Wednesday, August 13, 2008

Words I Made Up While Doing Schoolwork in a Hurry #8

Someone give me a definition for "shildhood."

Saturday, August 9, 2008

Signs between here and there

1. Along I-80 in Nevada, in the style of Burma Shave:

"A shot of tequila
Cold beer on tap
Good-lookin' 'wimmins'
To sit on your lap
Wild Horse Saloon"


2. "Right lane ends"

(Does that mean you'll be in the wrong lane? Think about it.)

3. In the back window of a truck being pulled by a camper:

"I go where I'm towd"


4. At the entrance to a construction site:

"Do not follow trucks into work site"

(Because ... this was a problem?)

5. Painted on a tractor tire in Nebraska:

"Outlaw Sodomy"

(And... then what?)

5. Advertising on the side of a pickup truck:

"Benny's Escort Service"

(Pilot vehicle and companionship?)

6. Another unfortunately named business:

"Kum & Go"

(Is it a convenience store or a brothel?)

7. A car dealership:

"Ford: Herb Green"

(That's right. Herb. Green.)

8. And, my favorite, courtesy of my hilarious dad (note the name spelling):

Tuesday, August 5, 2008

Some doggerel for the road, ala my grandmother's autograph book

The truck is riding low
The cat is flying high
I'll miss my friends in Redding
How I hate to say goodbye!

Sunday, August 3, 2008

Helpful tips for packing and moving

I recommend a flamethrower.

Friday, August 1, 2008

One of the best bad guys ever

If you haven't had a chance to see Heath Ledger's final performance in the new Batman movie "The Dark Knight," you're missing out. I feared all of Ledger's glowing reviews were hyped in the wake of his death, but his portrayal of the twisted Joker warrants recognition. (Posthumous Oscar, anyone?)

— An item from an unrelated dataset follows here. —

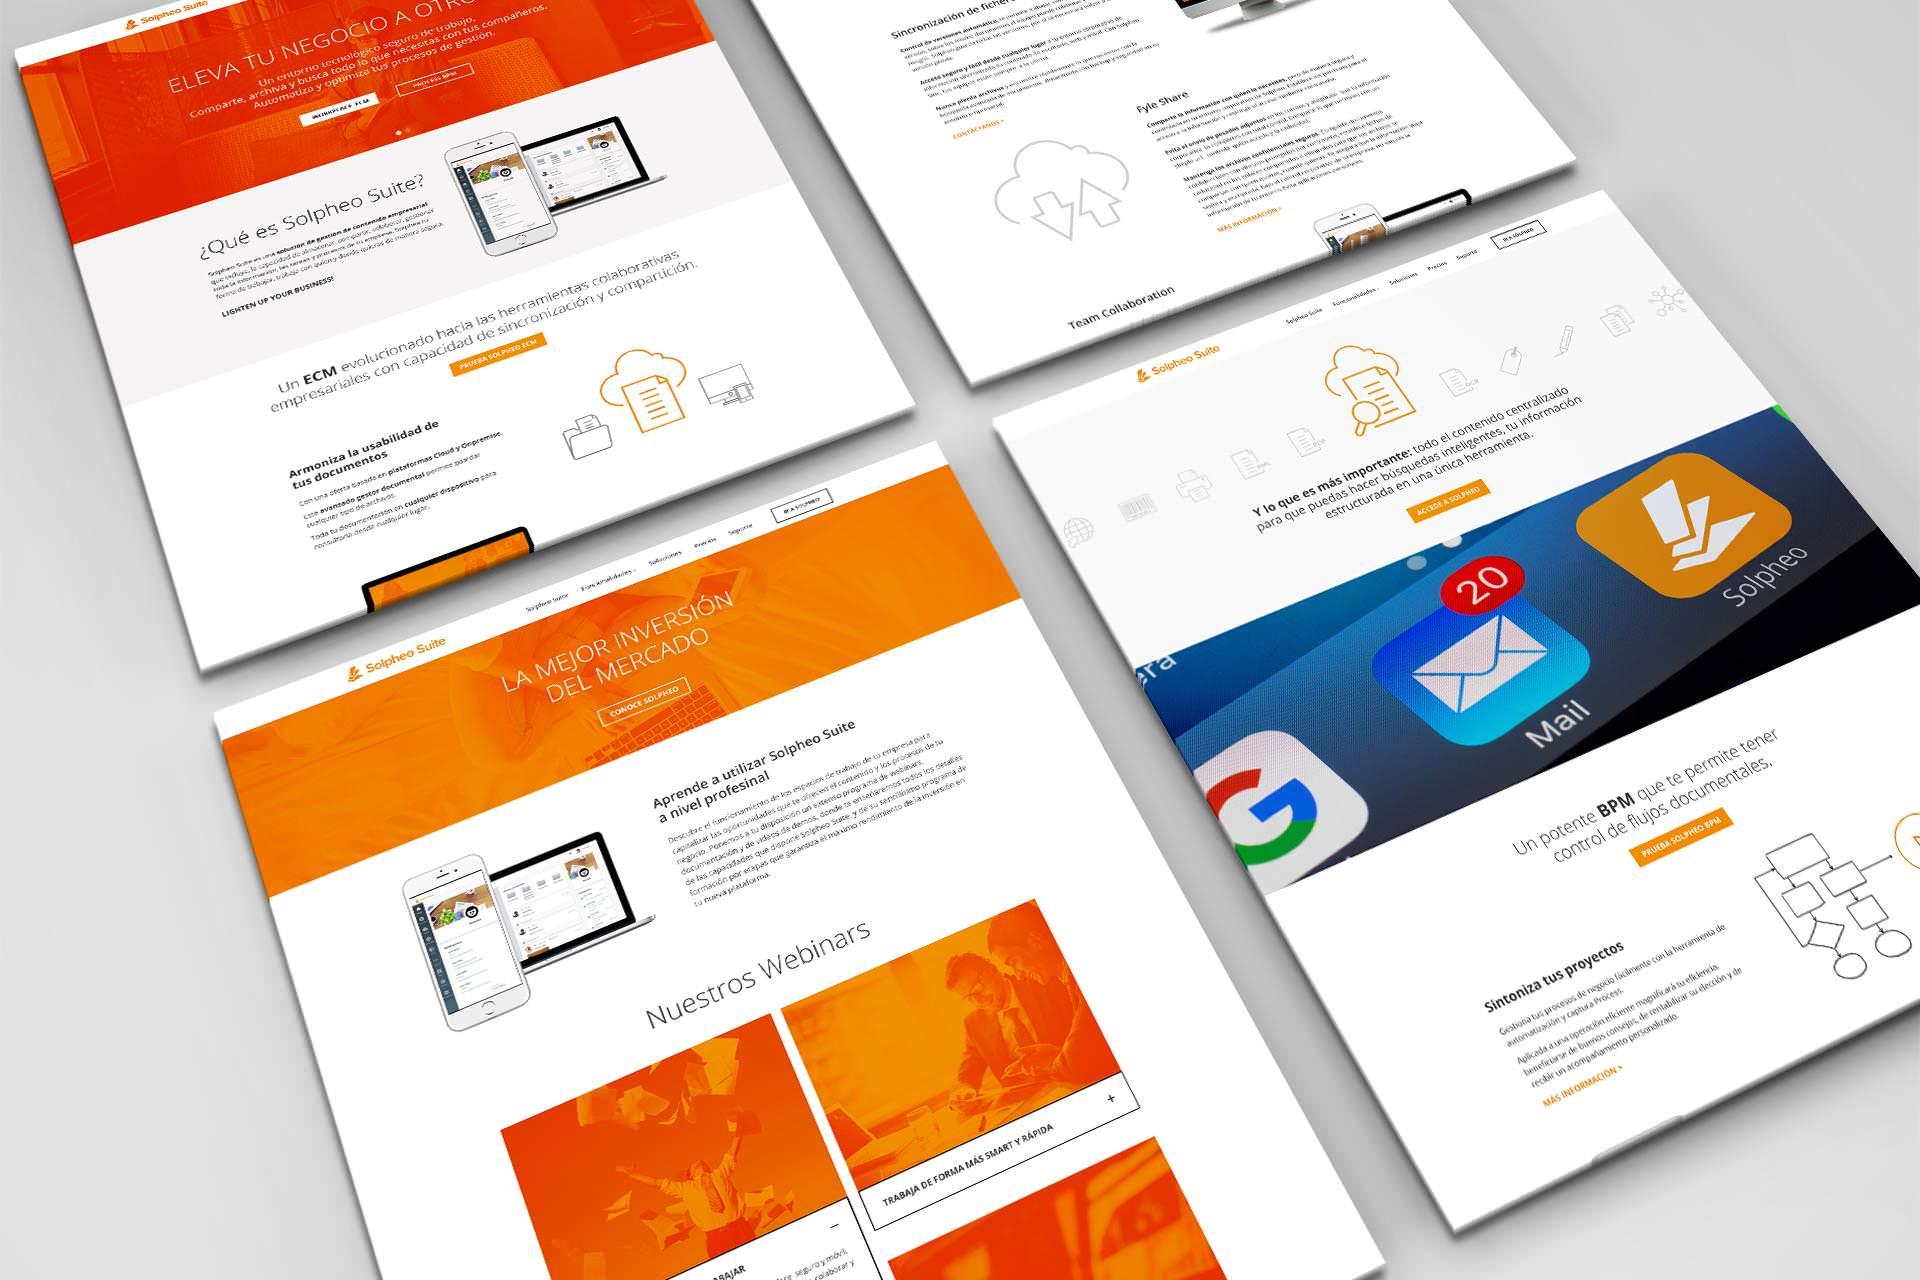 Diseño de web Solpheo Suite

In fact, the performance deserves a rank on my "Best Bad Guys Ever" list, which includes Ben Kingsley in "Sexy Beast," Robert DeNiro in "Cape Fear" and a recent addition, Ben Foster's Charlie Prince in "3:10 to Yuma," which also stars Batman's Christian Bale.

Best Bad Guys are usually ruthless, have little or nothing to lose, and have a sense of self-awareness that translates into humor. Ledger's Joker accomplishes all three. (Watch early on for the Joker's "I'm gonna make this pencil disappear" trick, which is a nominee for the "Ickiest Way to Kill Someone" award.)

"The Dark Knight," however, runs too long, diverting into a storyline involving Gotham City's district attorney, which is aptly played by the fabulous Aaron Eckhart, but feels tangiential to the story between Batman and the Joker.

Or maybe it's just that I wished Ledger's performance would continue.